== Items from a dataset ==

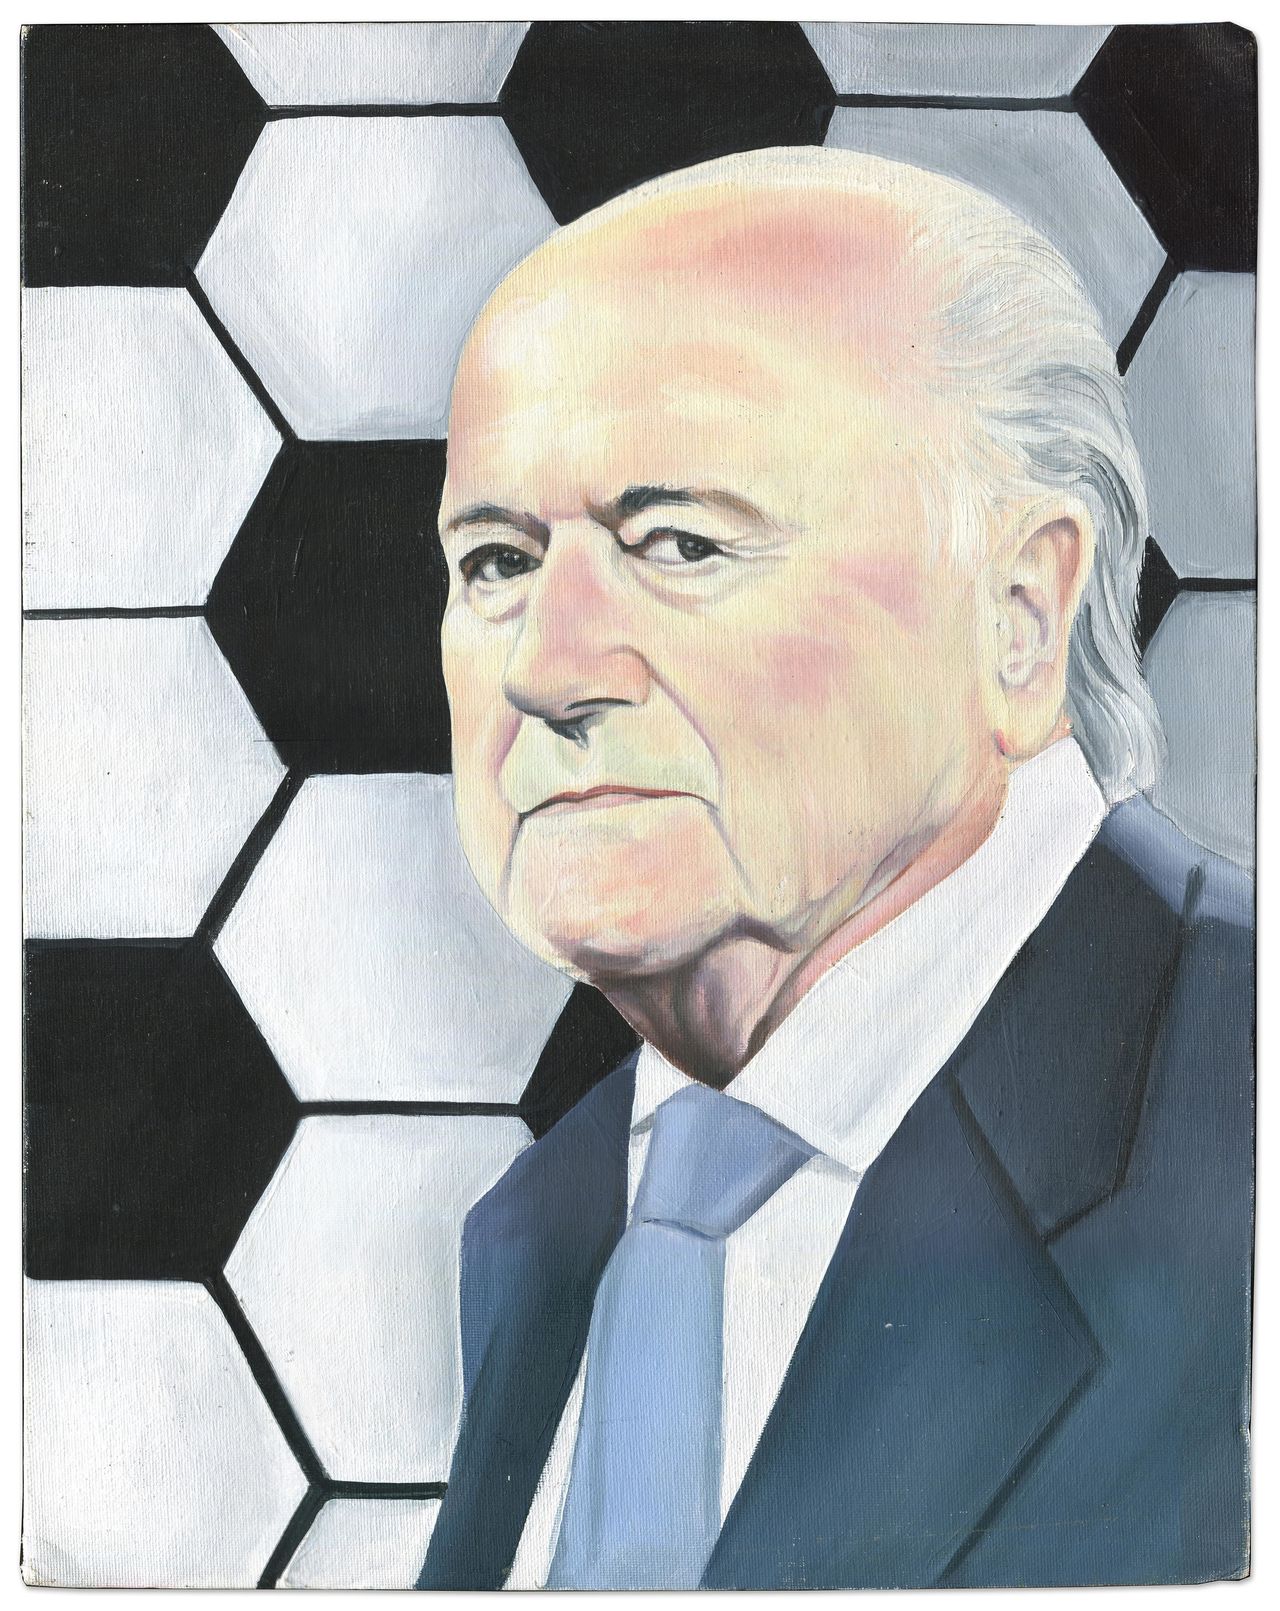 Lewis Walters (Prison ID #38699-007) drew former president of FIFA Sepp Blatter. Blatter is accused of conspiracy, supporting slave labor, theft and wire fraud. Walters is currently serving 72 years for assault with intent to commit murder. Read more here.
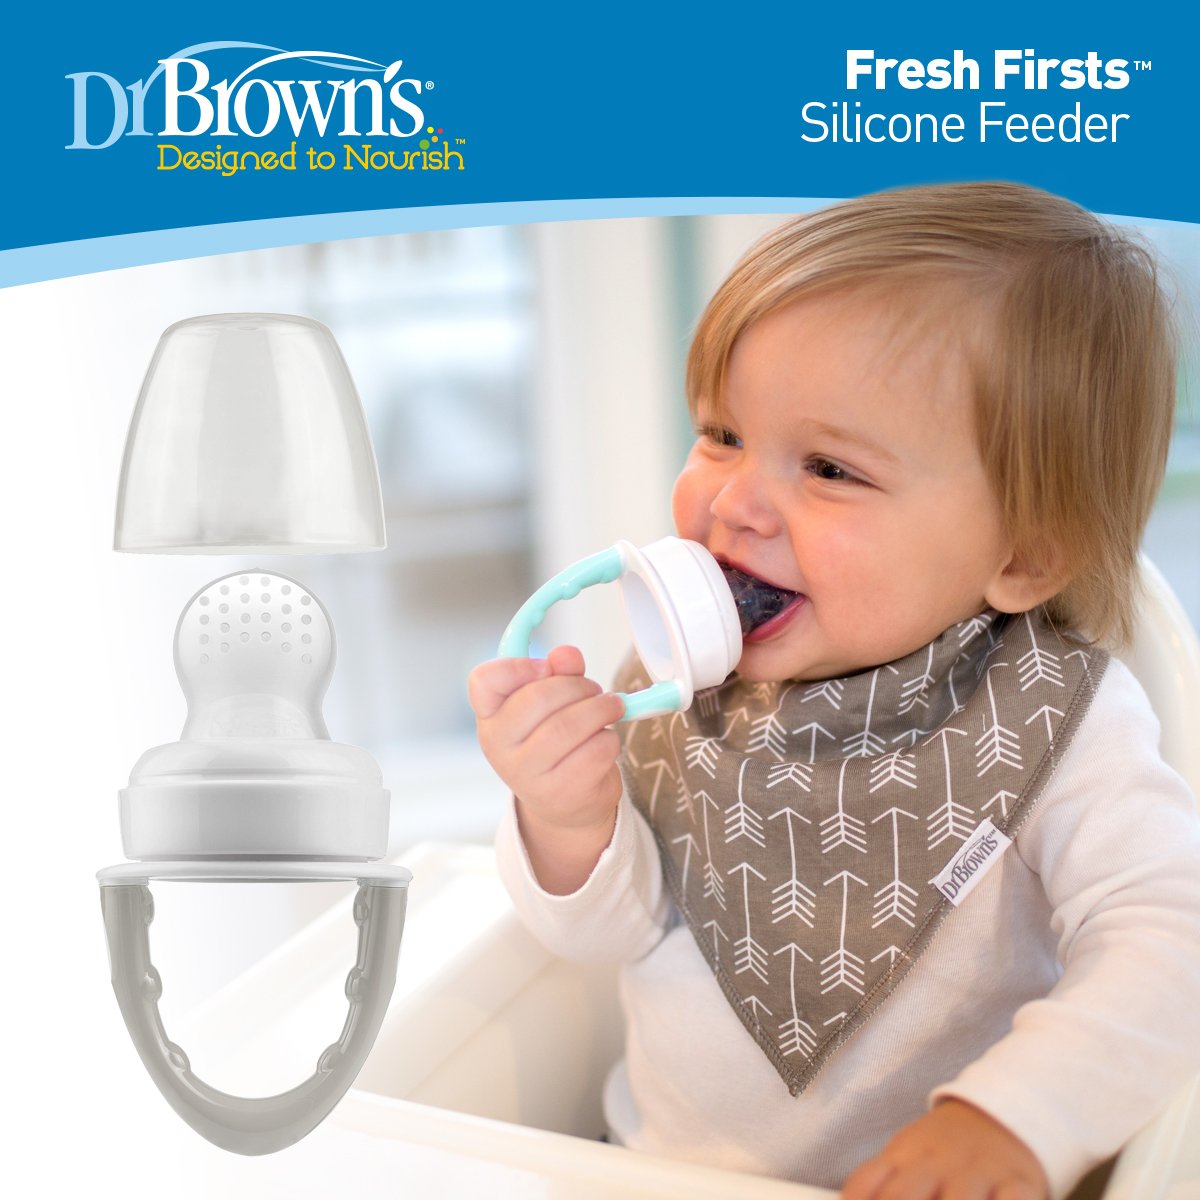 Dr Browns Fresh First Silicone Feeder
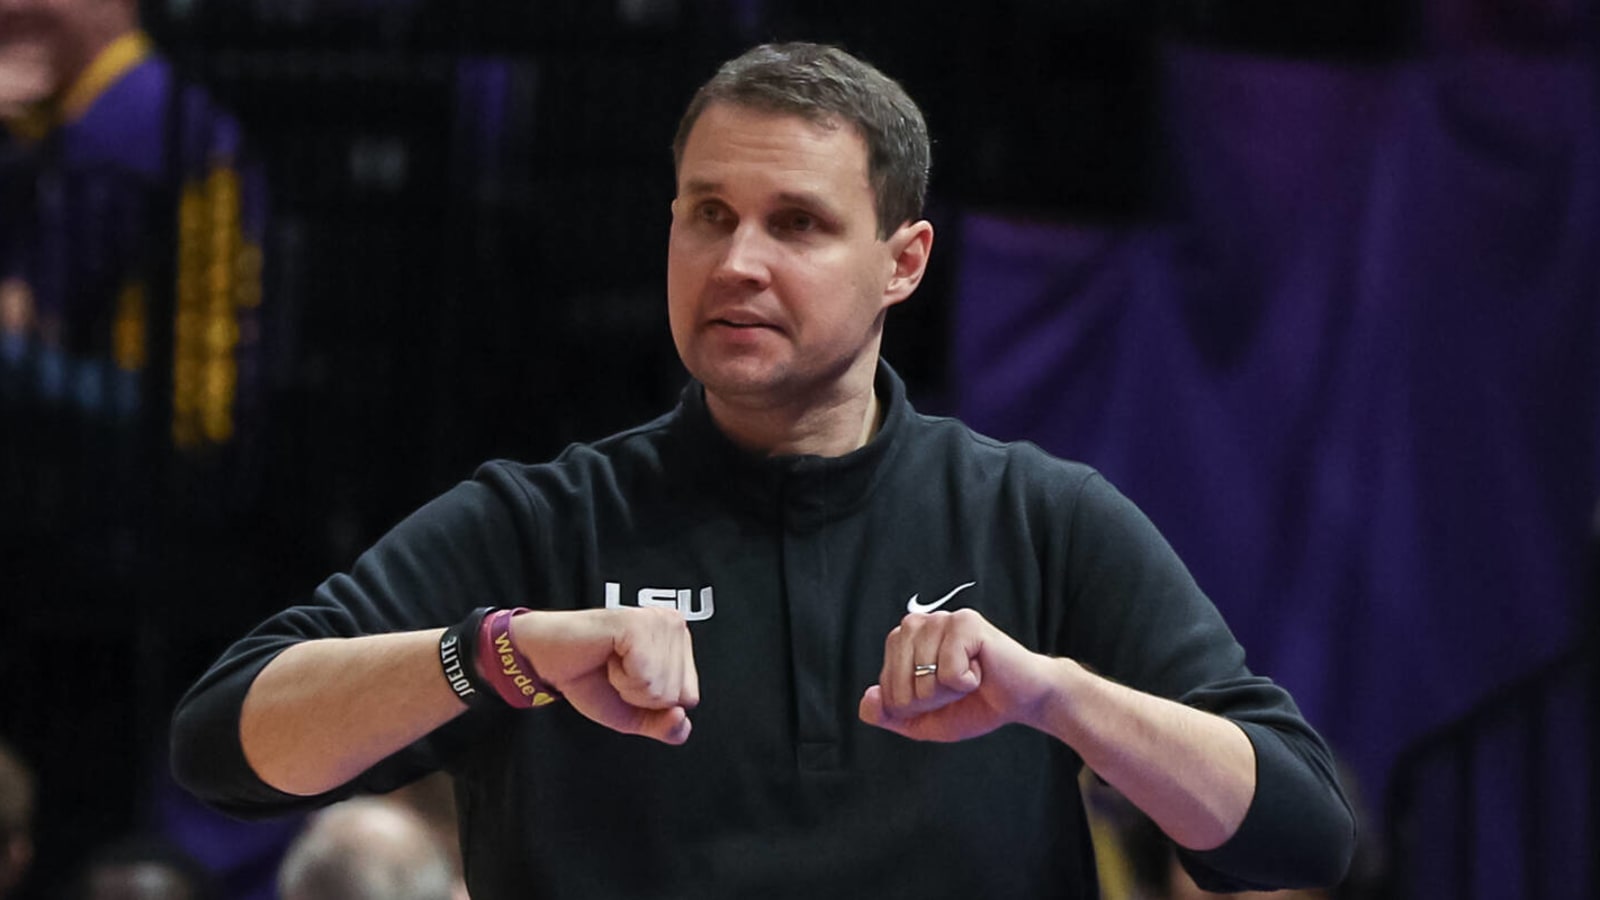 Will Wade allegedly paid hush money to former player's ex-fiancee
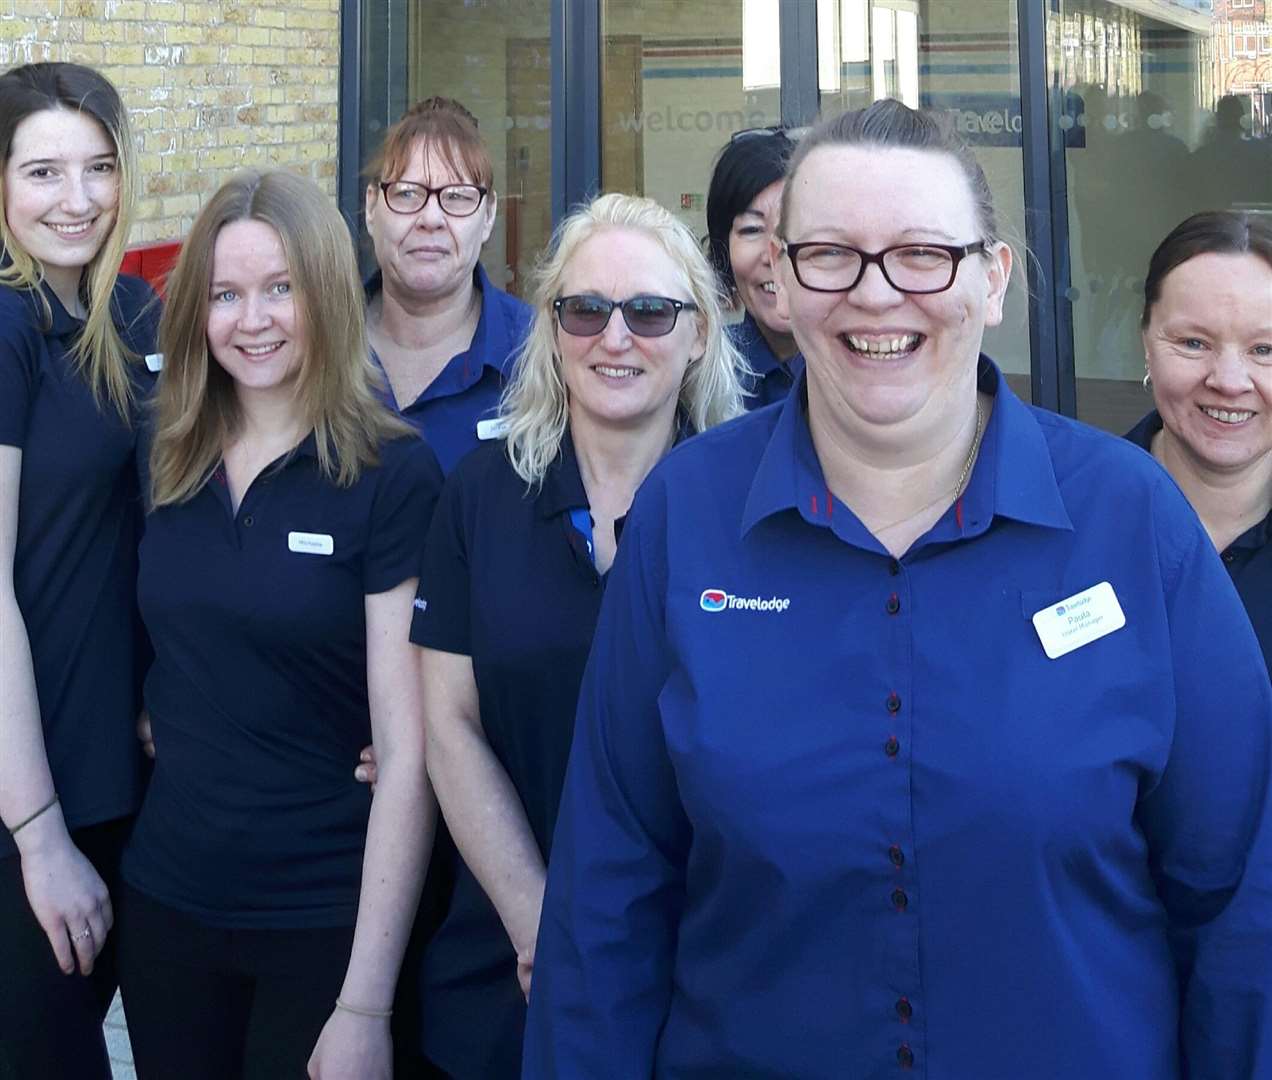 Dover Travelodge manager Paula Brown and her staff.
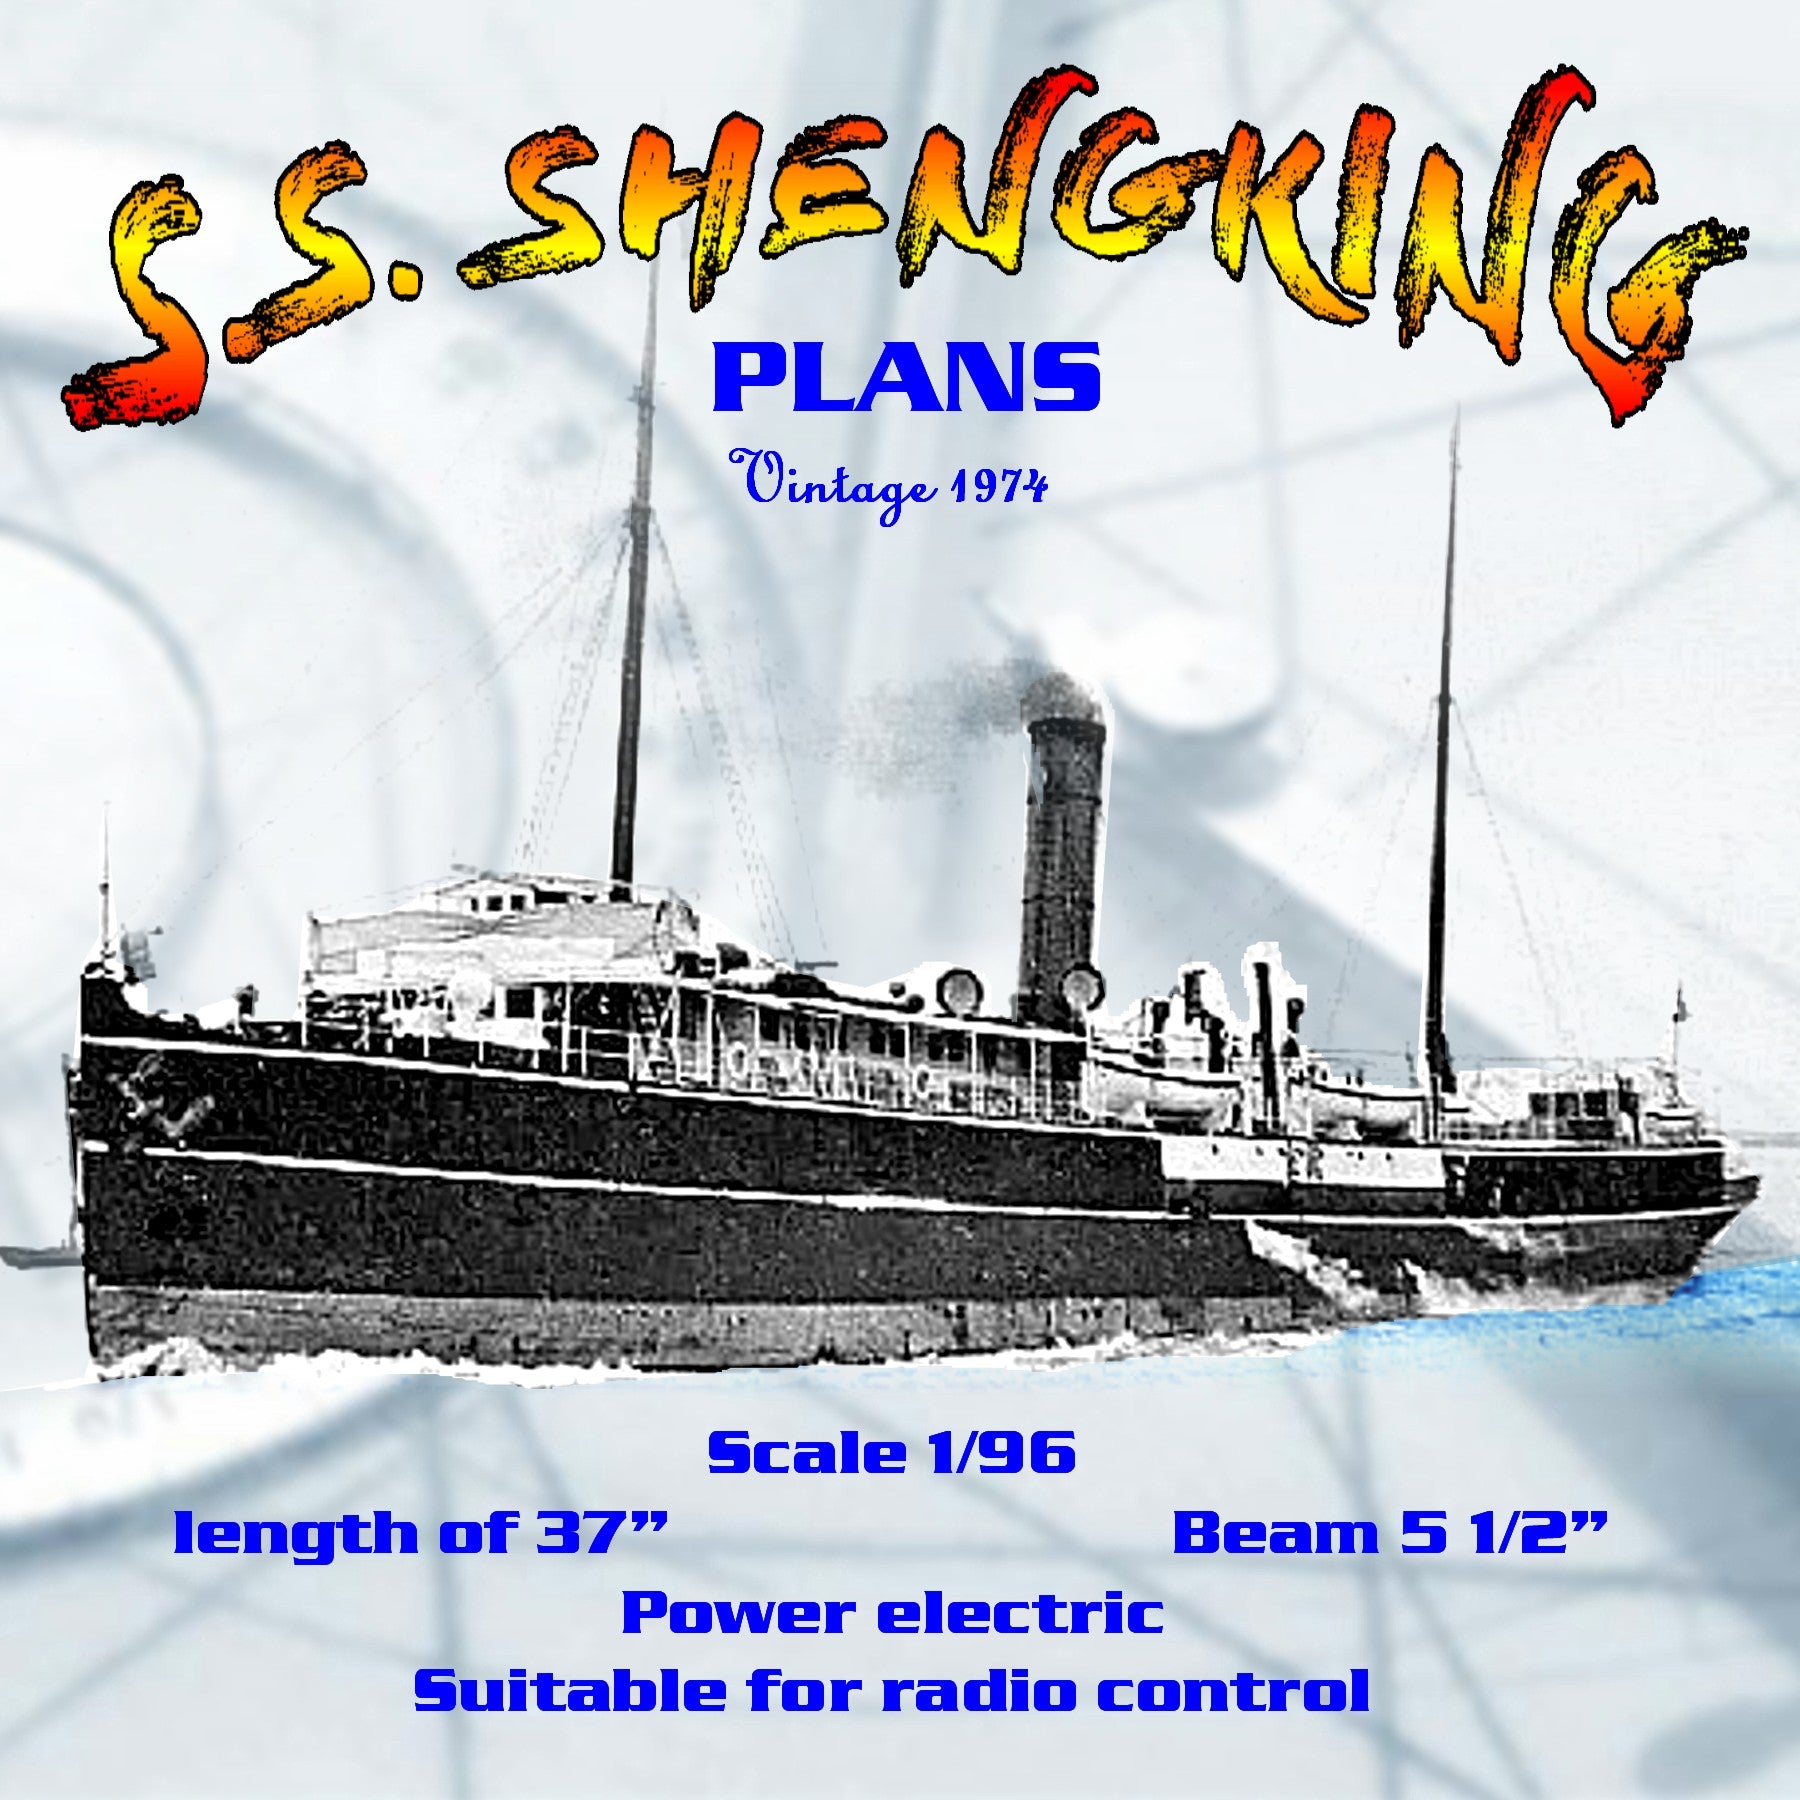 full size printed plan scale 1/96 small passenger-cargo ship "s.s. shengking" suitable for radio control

== PROBLEM TO SOLVE ==
If the records contain pictures, skip them, and transcribe exactly every line from the one with "Will Wade allegedly" through the last line.

== ANSWER FOR THIS EXERCISE ==
 Will Wade allegedly paid hush money to former player's ex-fiancee
 Dover Travelodge manager Paula Brown and her staff.
 full size printed plan scale 1/96 small passenger-cargo ship "s.s. shengking" suitable for radio control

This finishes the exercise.